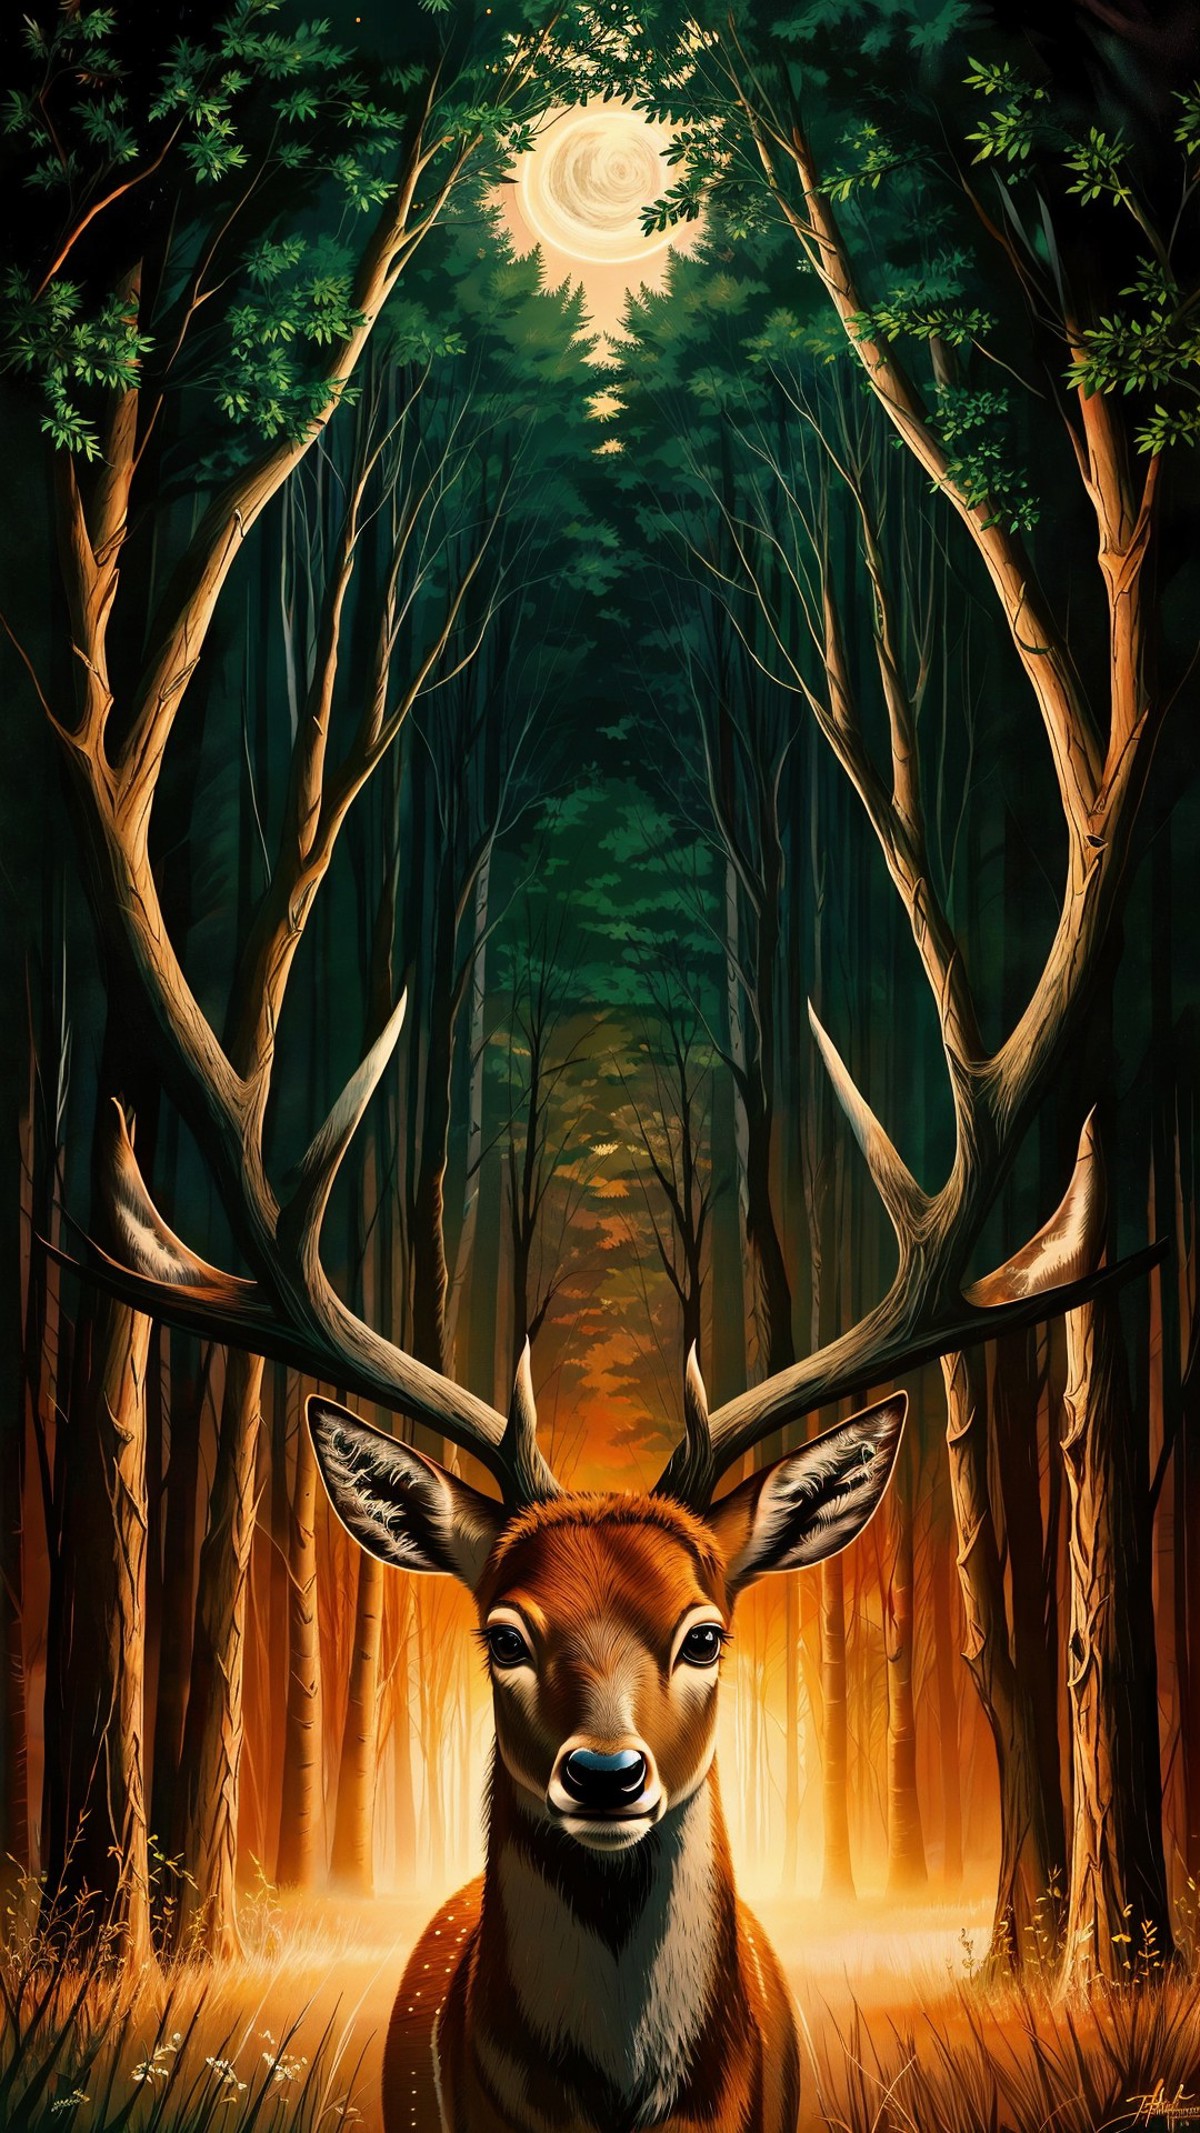 A deer standing in a forest next to trees.
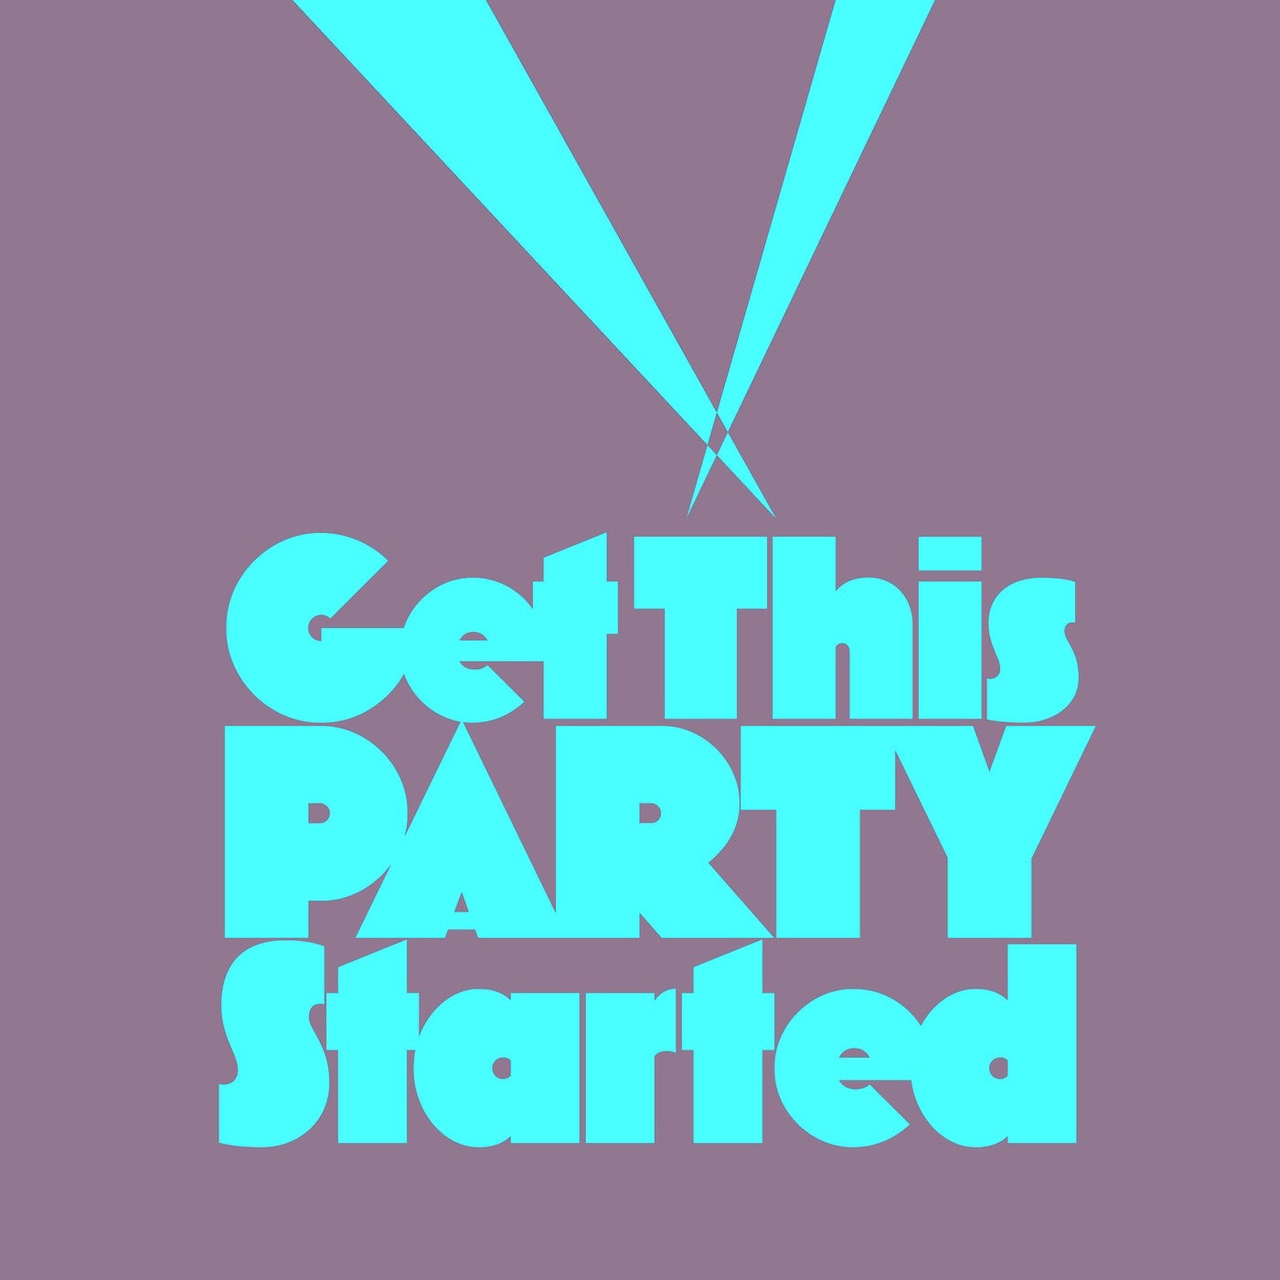 Westend Get This Party Started cover artwork
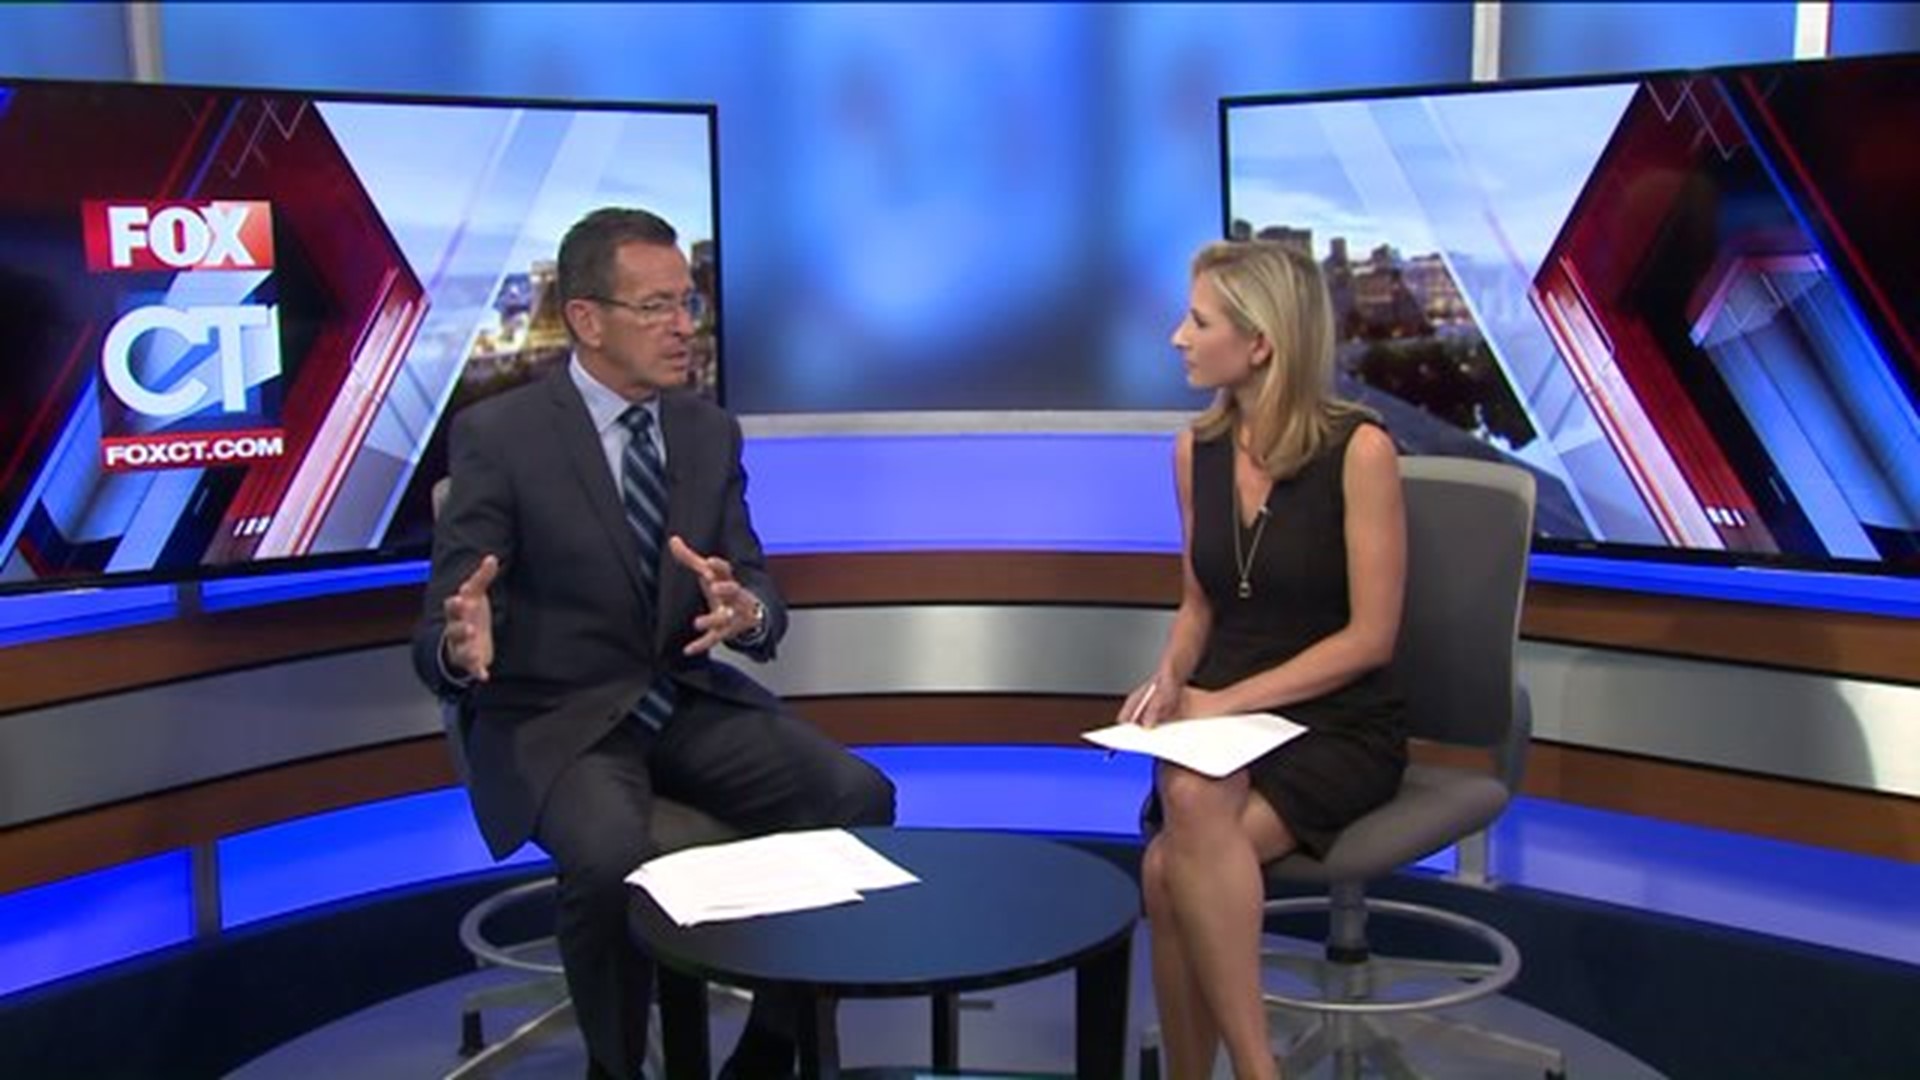 Gov. Malloy discusses jobs, possible GE relocation
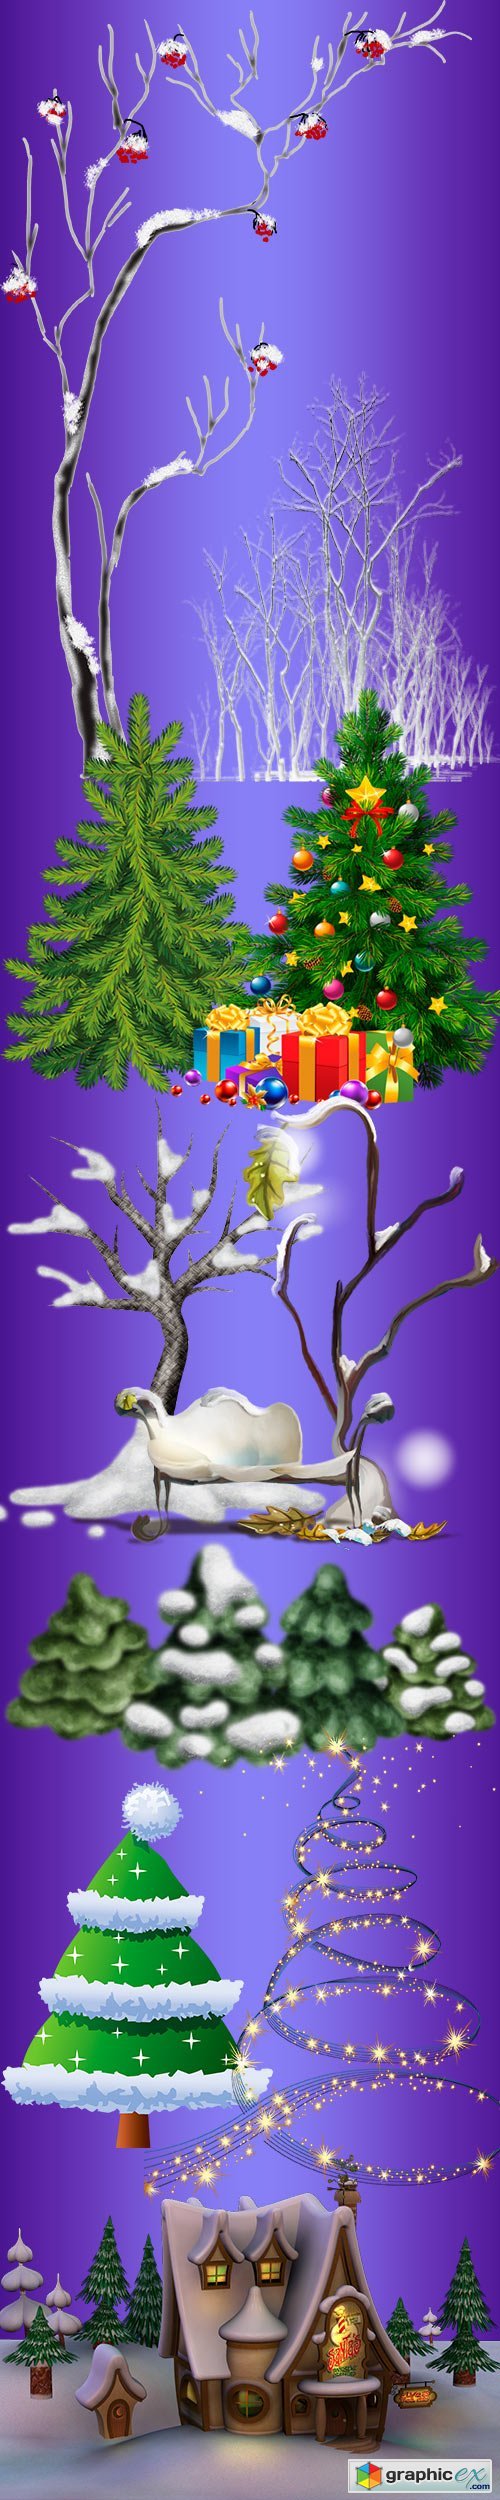 Clipart - Christmas trees and winter trees

The task:
The lines from the one containing "Westend Get This Party Started cover artwork" through the last line of the data above are to be transcribed exactly, both included, with all pictures left out.

Task result:
 Westend Get This Party Started cover artwork
 Gov. Malloy discusses jobs, possible GE relocation
 Clipart - Christmas trees and winter trees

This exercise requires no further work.